*Source information:*

****************************************

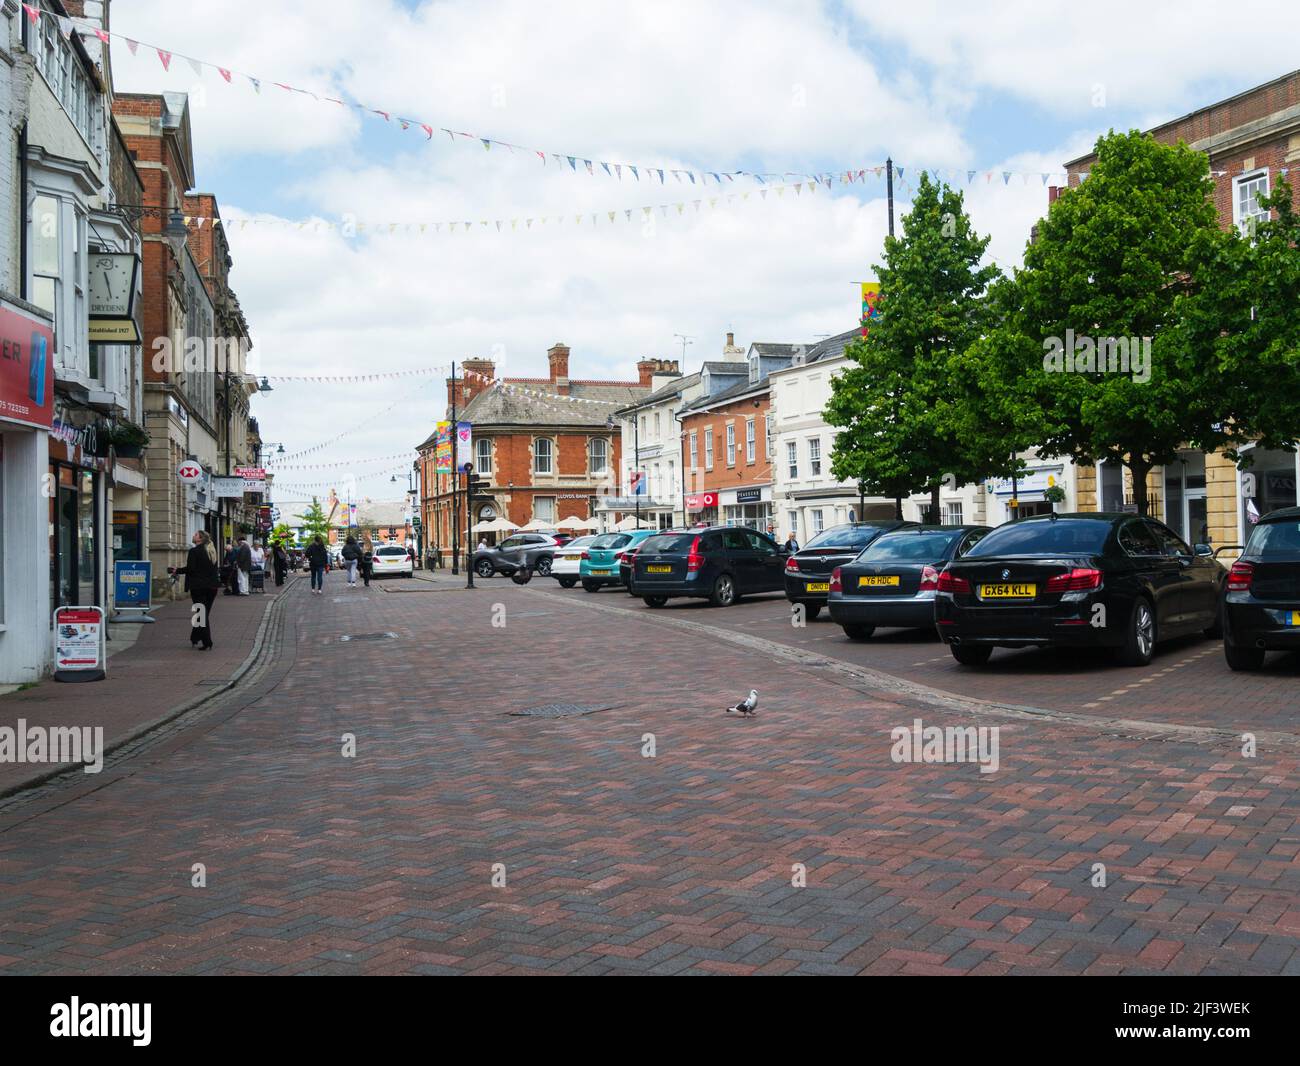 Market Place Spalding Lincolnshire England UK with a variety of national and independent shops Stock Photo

****************************************

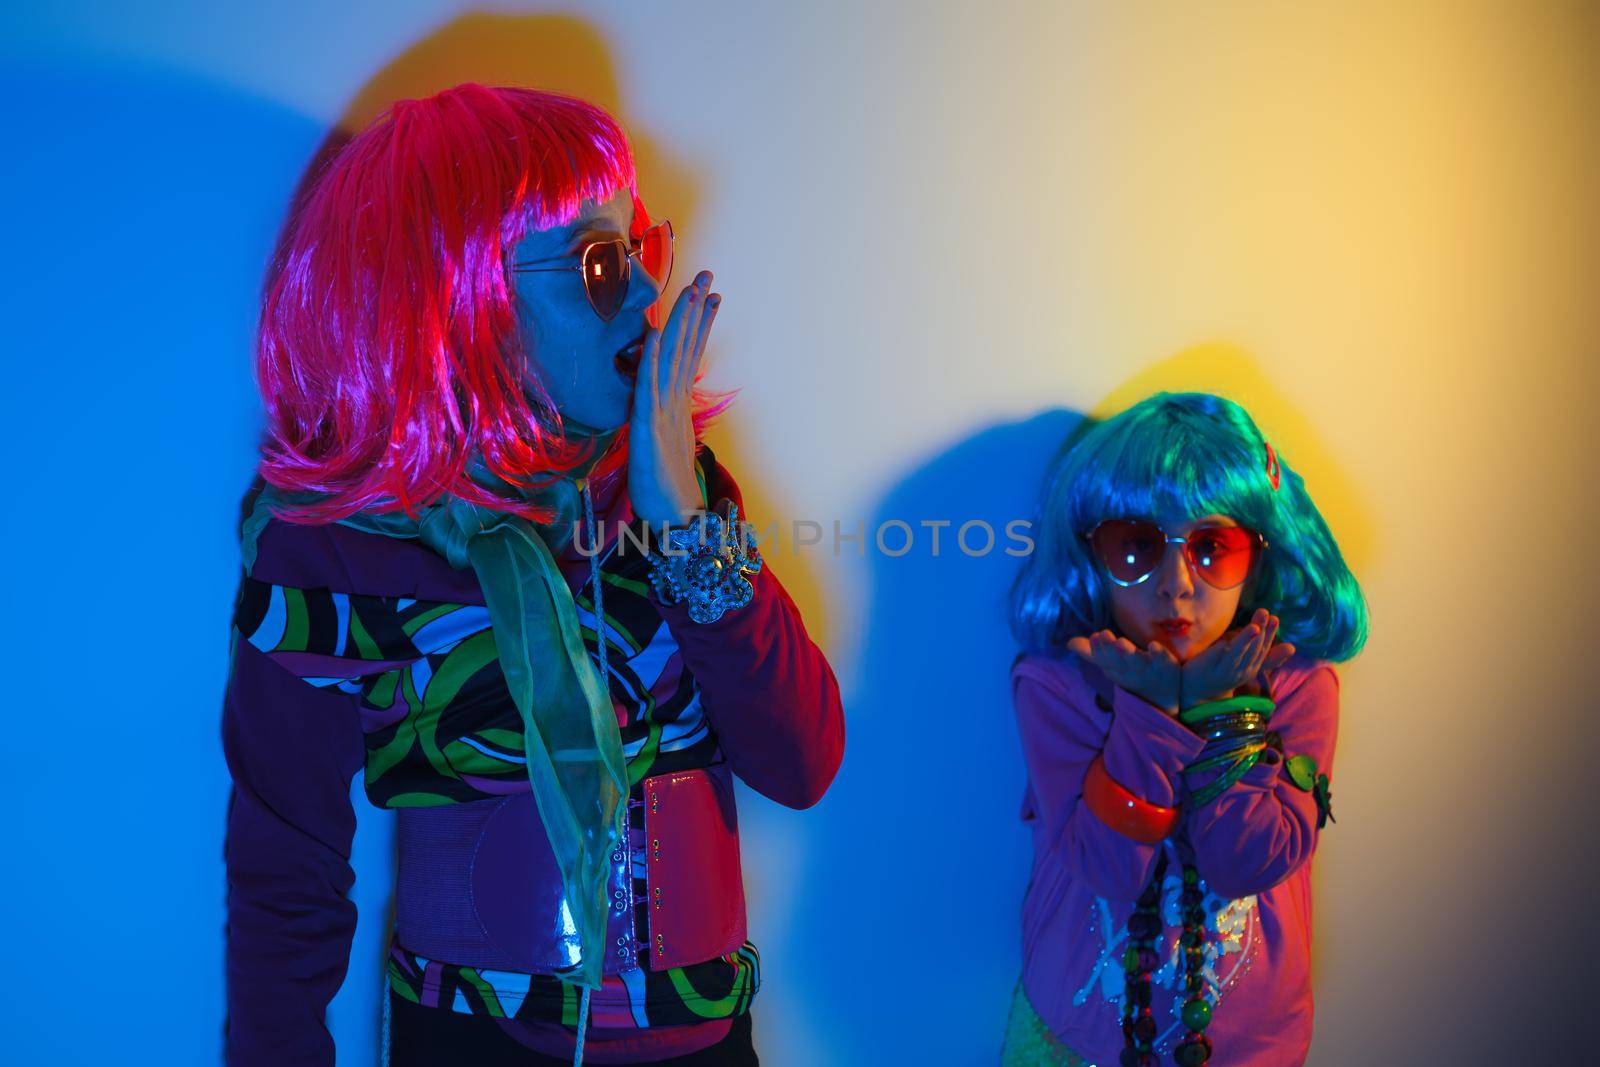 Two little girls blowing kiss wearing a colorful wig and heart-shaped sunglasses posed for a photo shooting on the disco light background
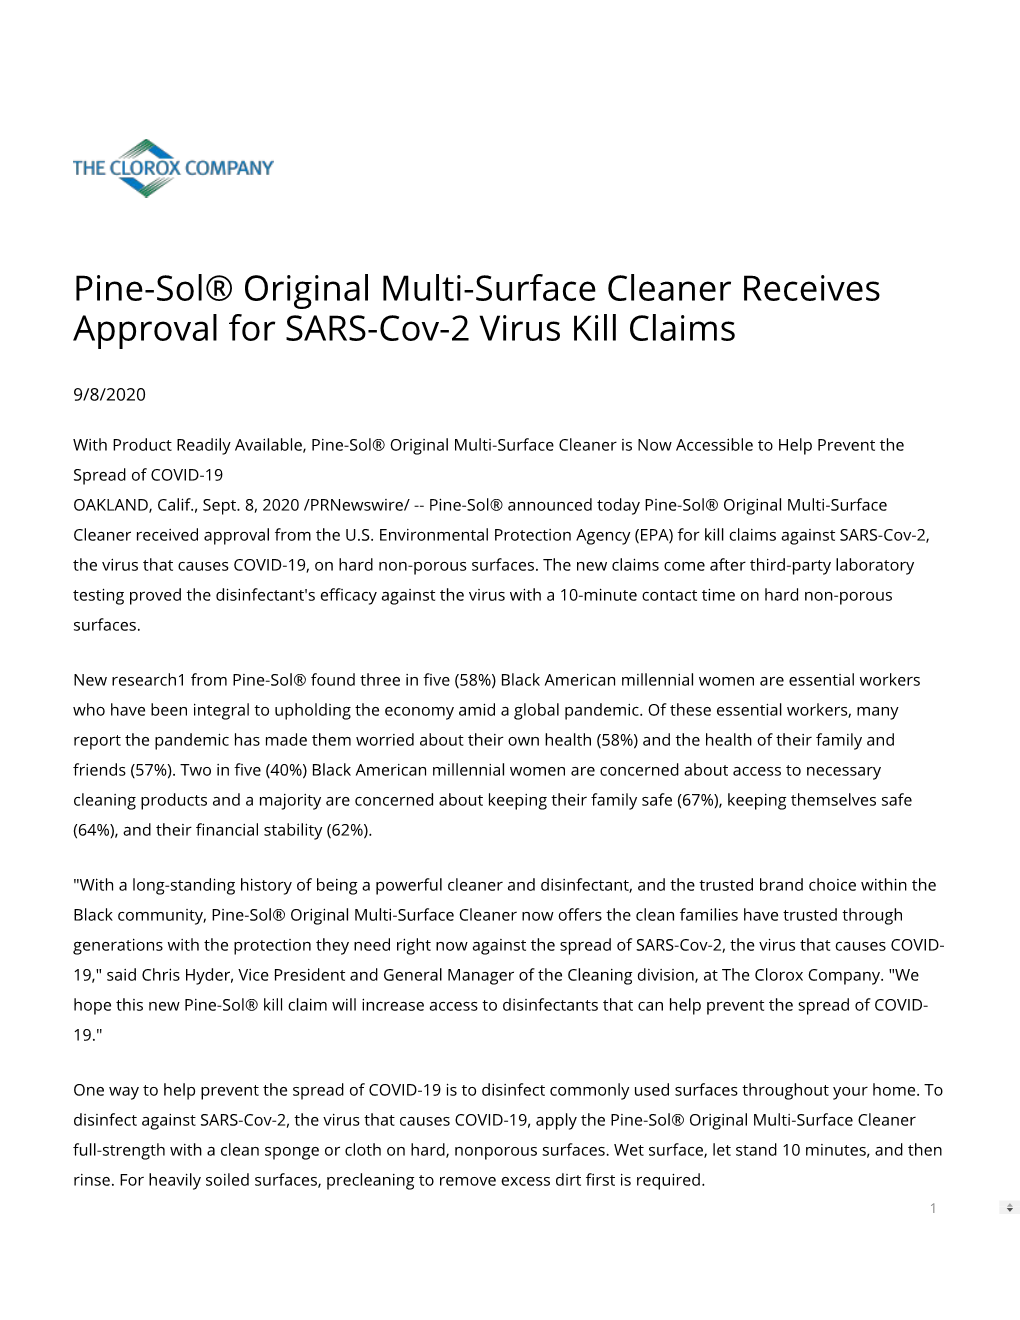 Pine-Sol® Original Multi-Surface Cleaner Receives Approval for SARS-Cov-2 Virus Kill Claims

****************************************

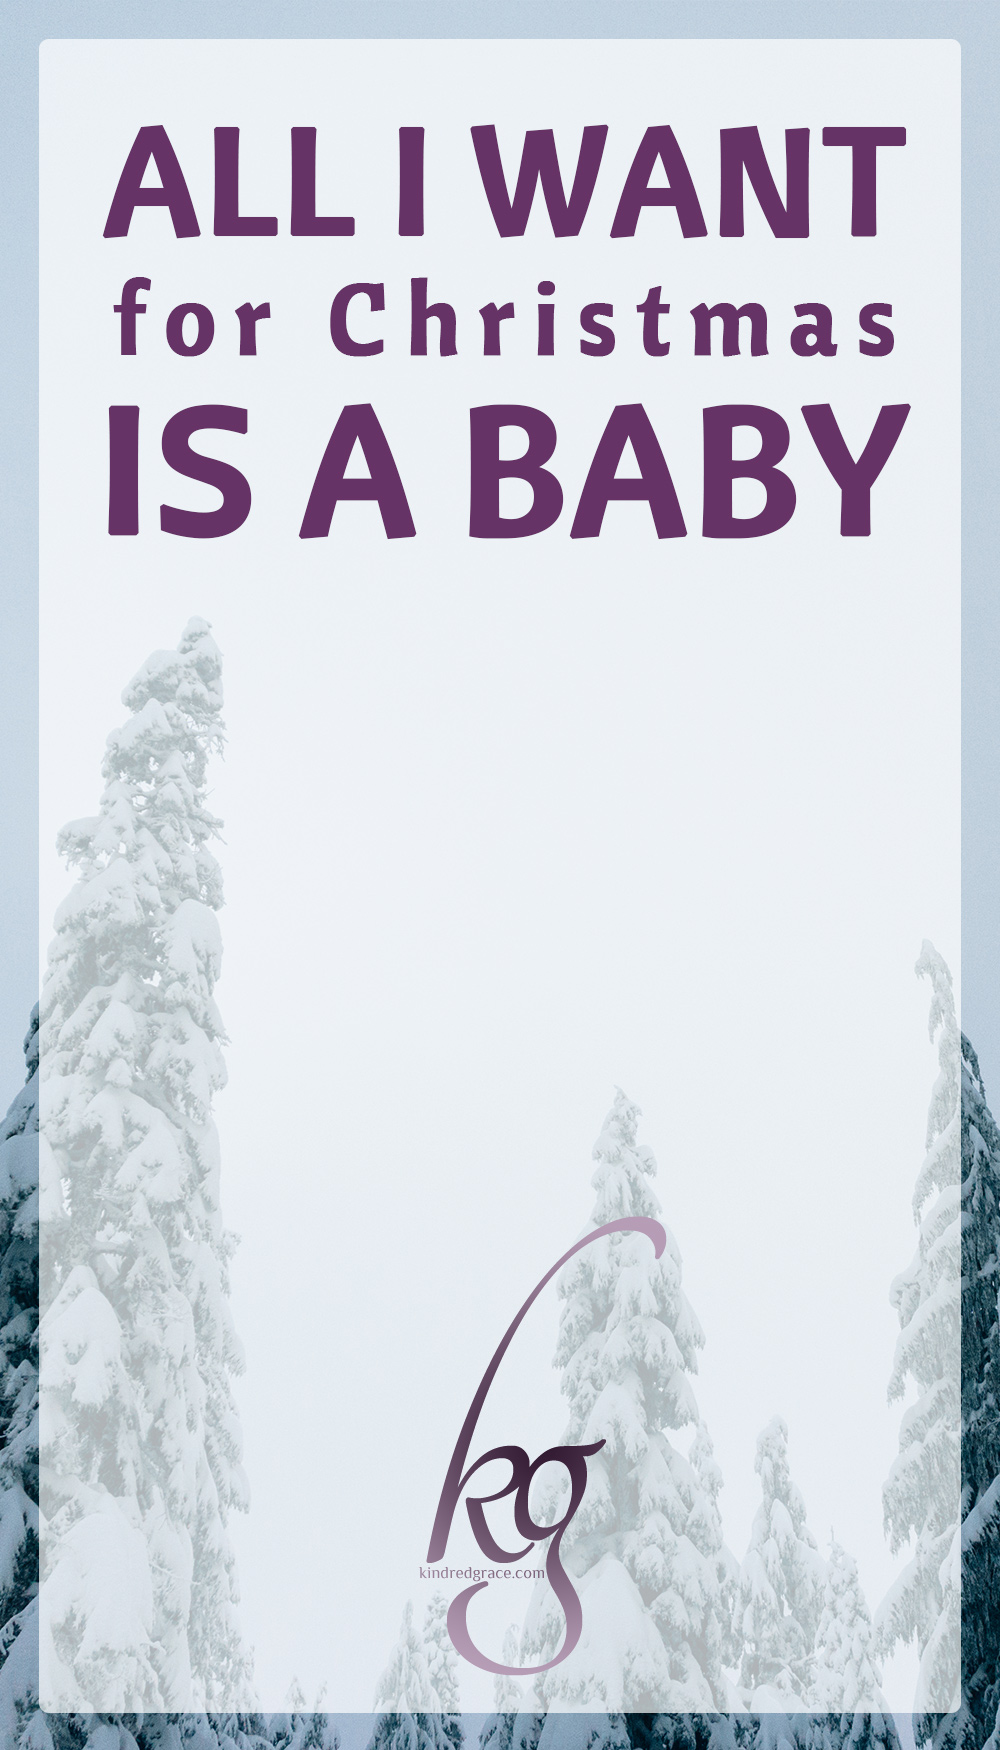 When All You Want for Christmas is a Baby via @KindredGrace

****************************************

*Problem details:* Starting at the line above that has "Two little girls" and ending at the line that has "Pine-Sol® Original Multi-Surface", copy each line exactly, leaving the pictures out and adding nothing.

*Response:*
 Two little girls blowing kiss wearing a colorful wig and heart-shaped sunglasses posed for a photo shooting on the disco light background
 Pine-Sol® Original Multi-Surface Cleaner Receives Approval for SARS-Cov-2 Virus Kill Claims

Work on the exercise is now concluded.